What to do right now
Check your mail and your lender's online portal for your 1098 — it should arrive by January 31. When you sit down to file, enter the Box 1 amount into your tax software when it asks about mortgage interest. The software will determine whether itemizing beats your standard deduction. If you refinanced, have both 1098s ready. If you're unsure whether your loan qualifies or whether itemizing makes sense, a tax professional can run the comparison for you in minutes.
Questions to ask your tax professional
01Should I itemize this year, or is the standard deduction still better even with my mortgage interest?
02I refinanced this year — do I have two 1098s to deal with, and how do I handle both?
03My mortgage balance is over $750,000 — how does the loan limit affect my deduction?
04Can I deduct the mortgage interest on my second home or vacation property?
05I paid PMI this year — is that deductible, and does my income affect eligibility?
06I have a home equity loan — is that interest still deductible after the 2017 tax law changes?
Frequently asked questions
Do I have to file Form 1098 with my tax return?
No.
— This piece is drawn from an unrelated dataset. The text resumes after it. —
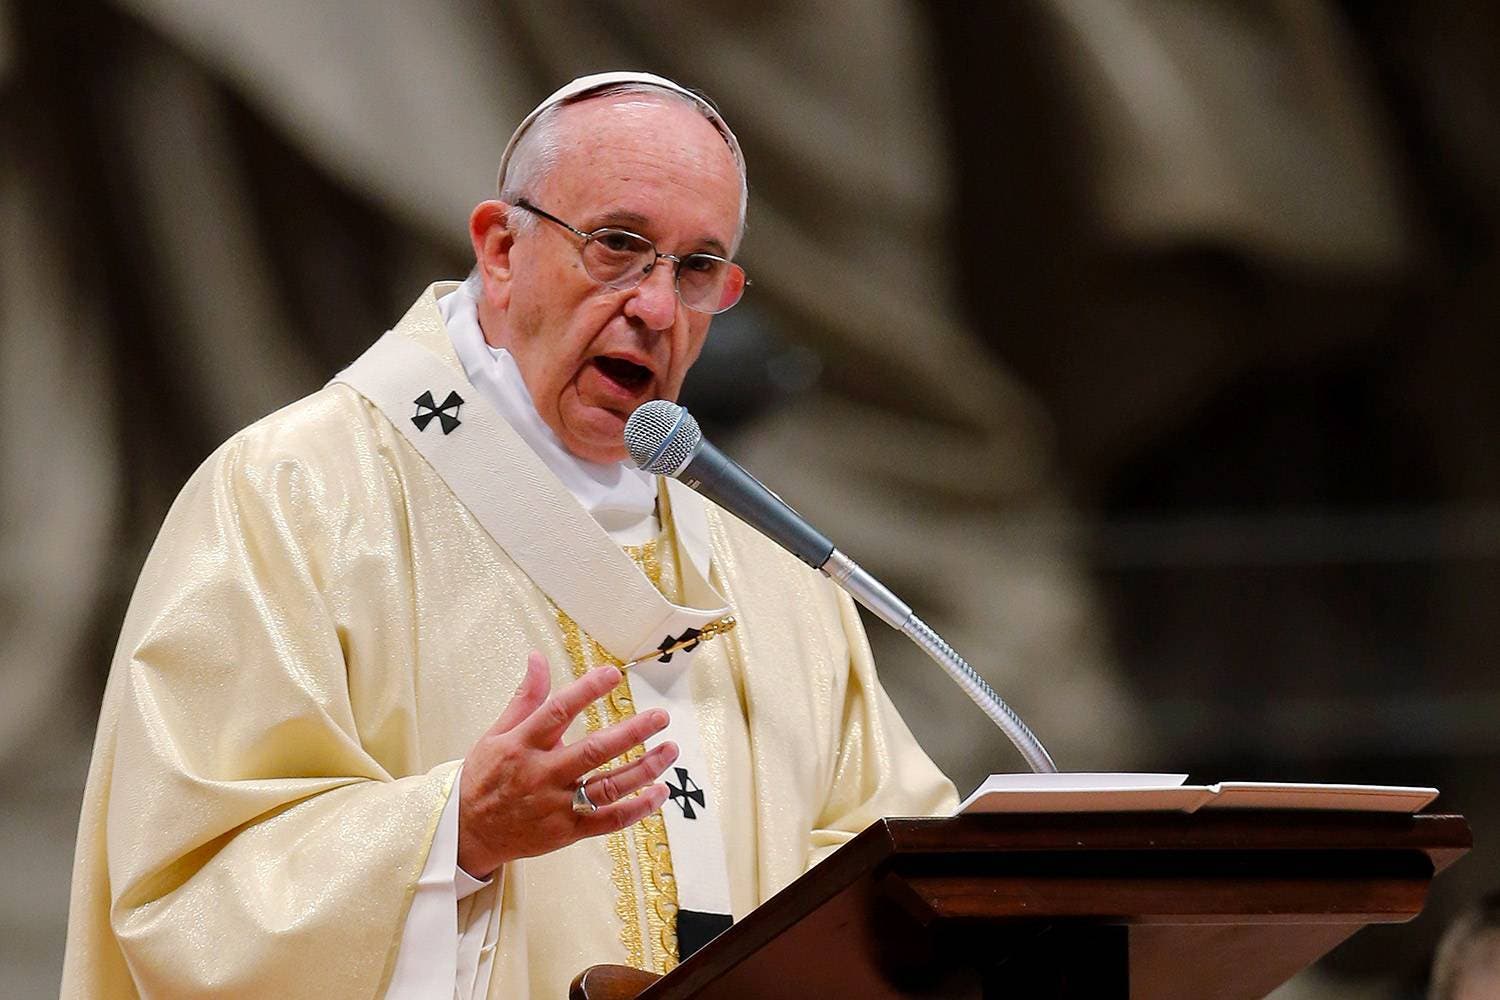 El papa recibirá en los “próximos días” a víctimas de abusos sexuales en Chile
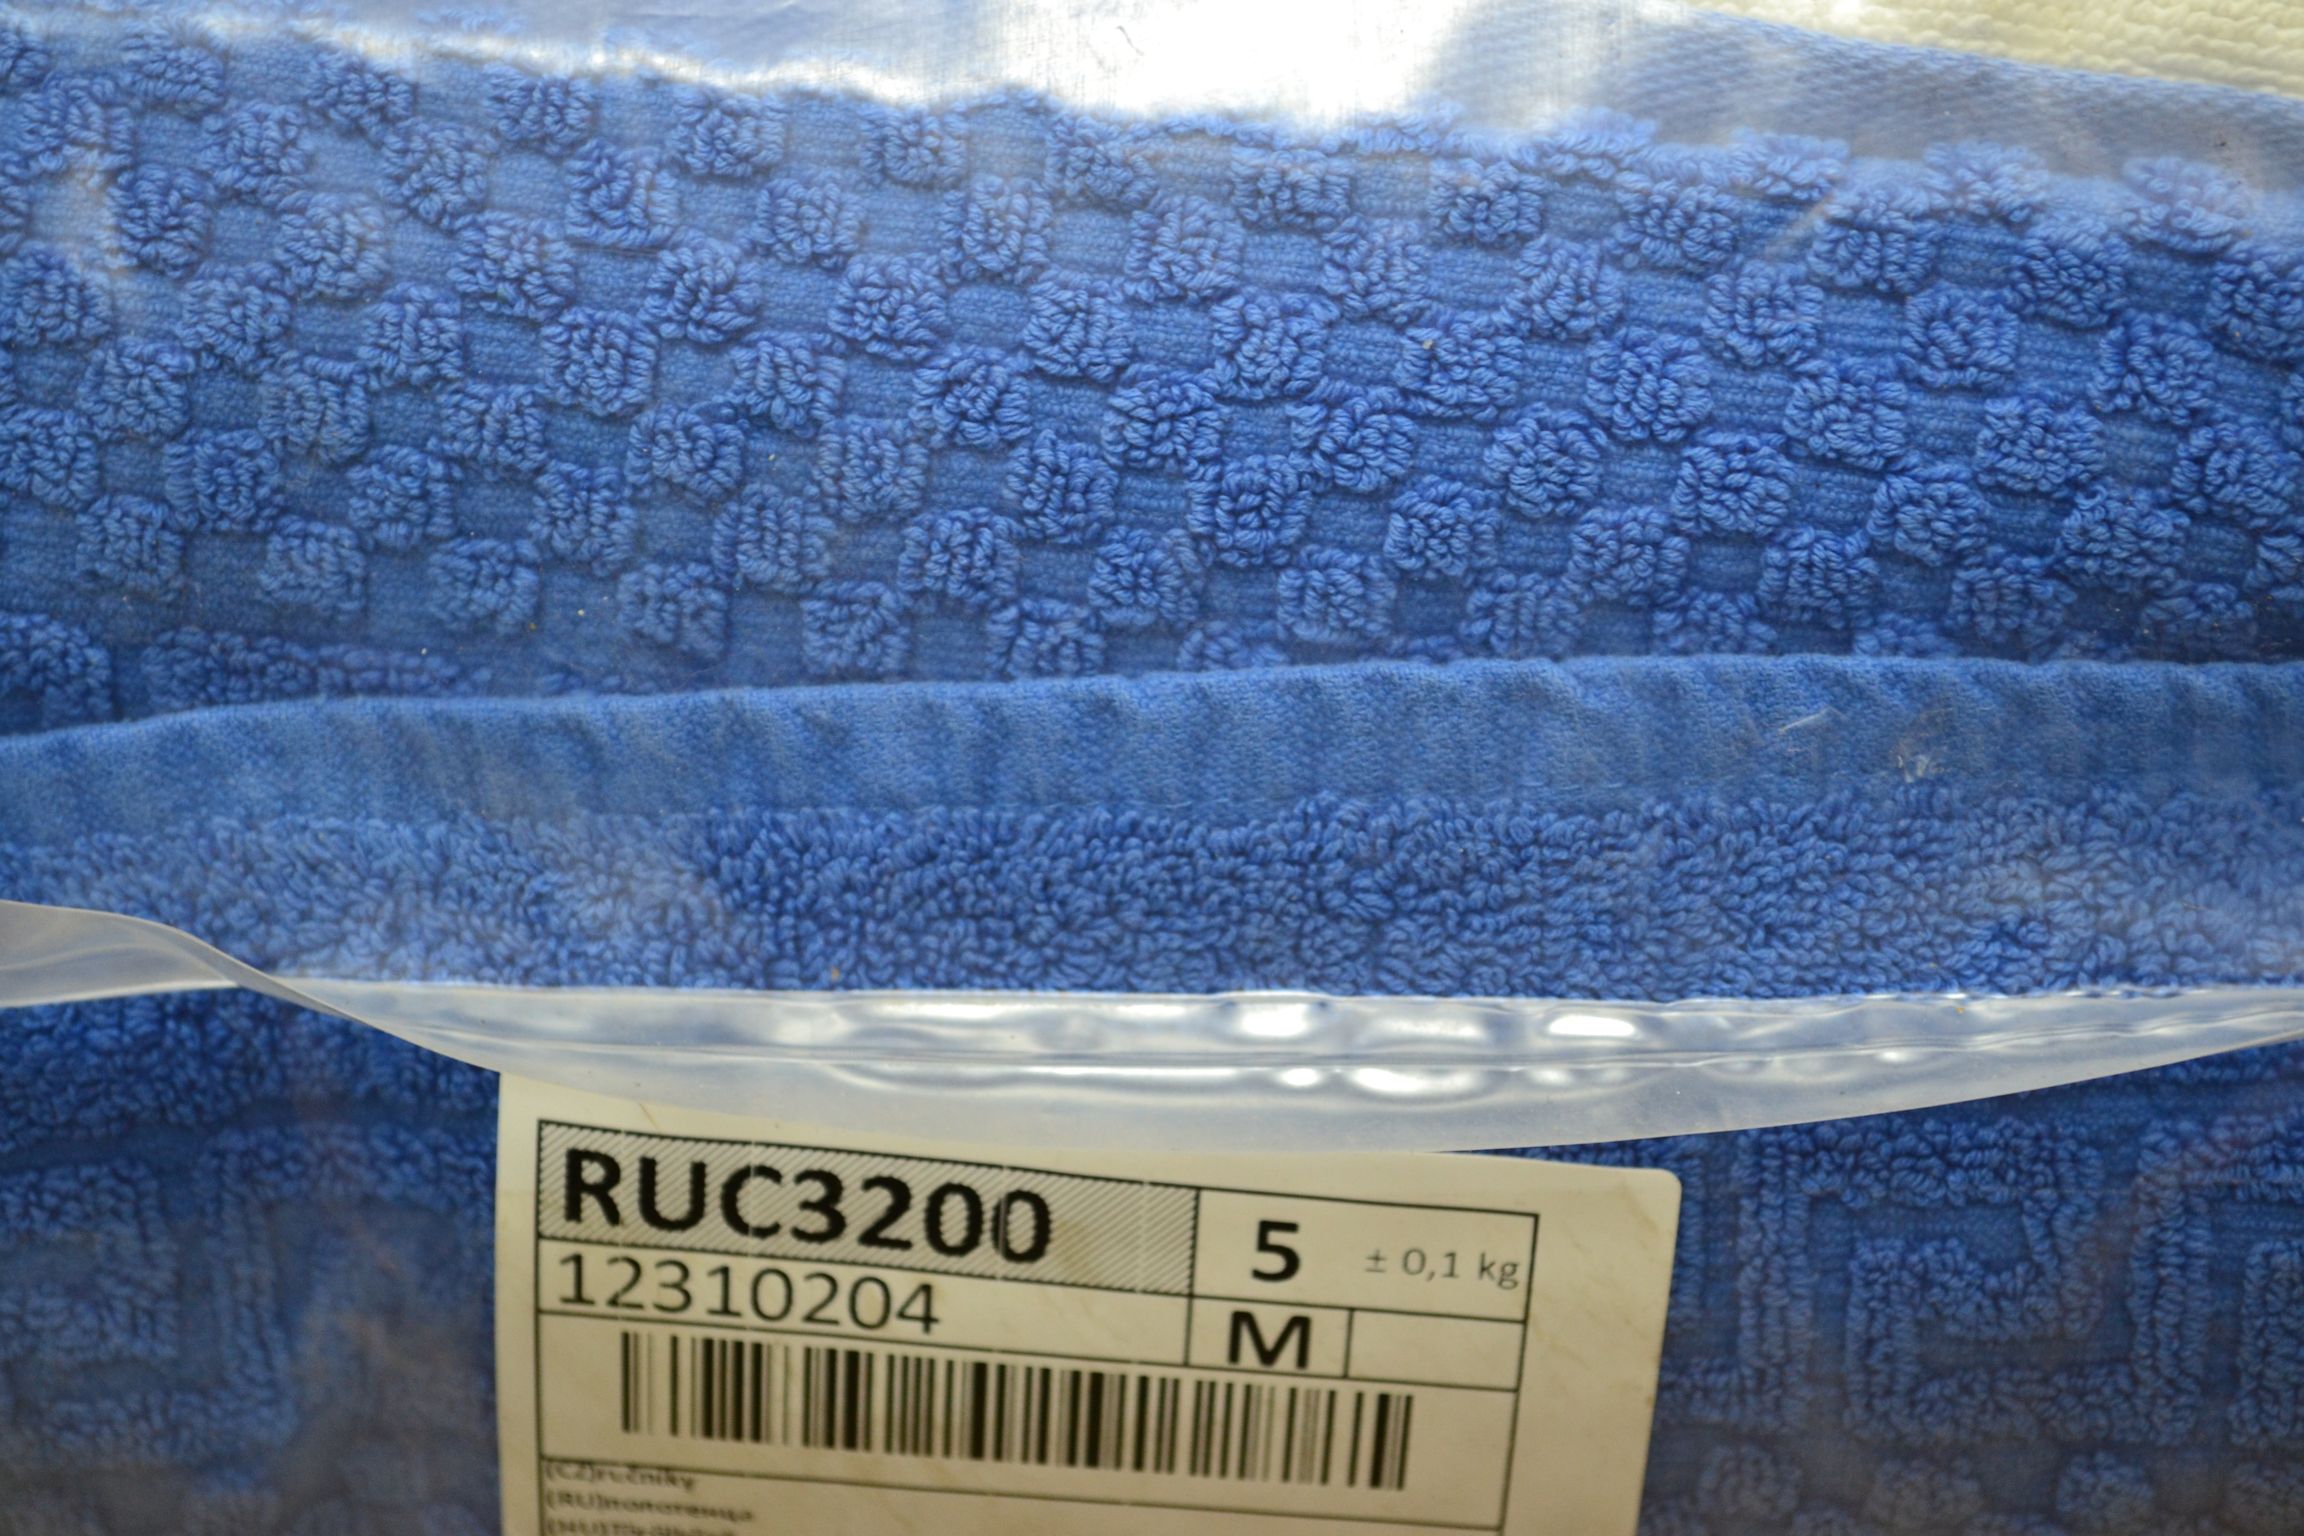 RUC3200 Полотенца; код мешка 12310204

Form 1098 is sent to you for your records — you don't attach it to your return. Your lender already sent a copy to the IRS. You simply use the numbers from the form when filling out Schedule A if you itemize.
What if I never received my Form 1098?
Contact your lender directly — they're required to send it by January 31. Most lenders also make it available in your online account. If your lender isn't required to send one (loans under $600 in interest), check your monthly statements to calculate the total interest paid.
Is home equity loan interest still deductible?
Only if the loan was used to buy, build, or substantially improve the home that secures the loan. Since the 2017 Tax Cuts and Jobs Act, you can no longer deduct home equity interest used for other purposes like paying off credit cards or buying a car.
Can I deduct mortgage interest if I'm not on the loan but I made the payments?
Generally no — you must be legally obligated on the loan and actually make the payments to claim the deduction. There are limited exceptions, such as when a co-owner pays more than their share, so consult a tax professional if your situation is complicated.
What's the difference between Form 1098 and Form 1098-E?
Form 1098 covers mortgage interest on a home loan. Form 1098-E is a completely separate form that reports student loan interest paid during the year. They look similar but serve very different purposes — make sure you're using the right one.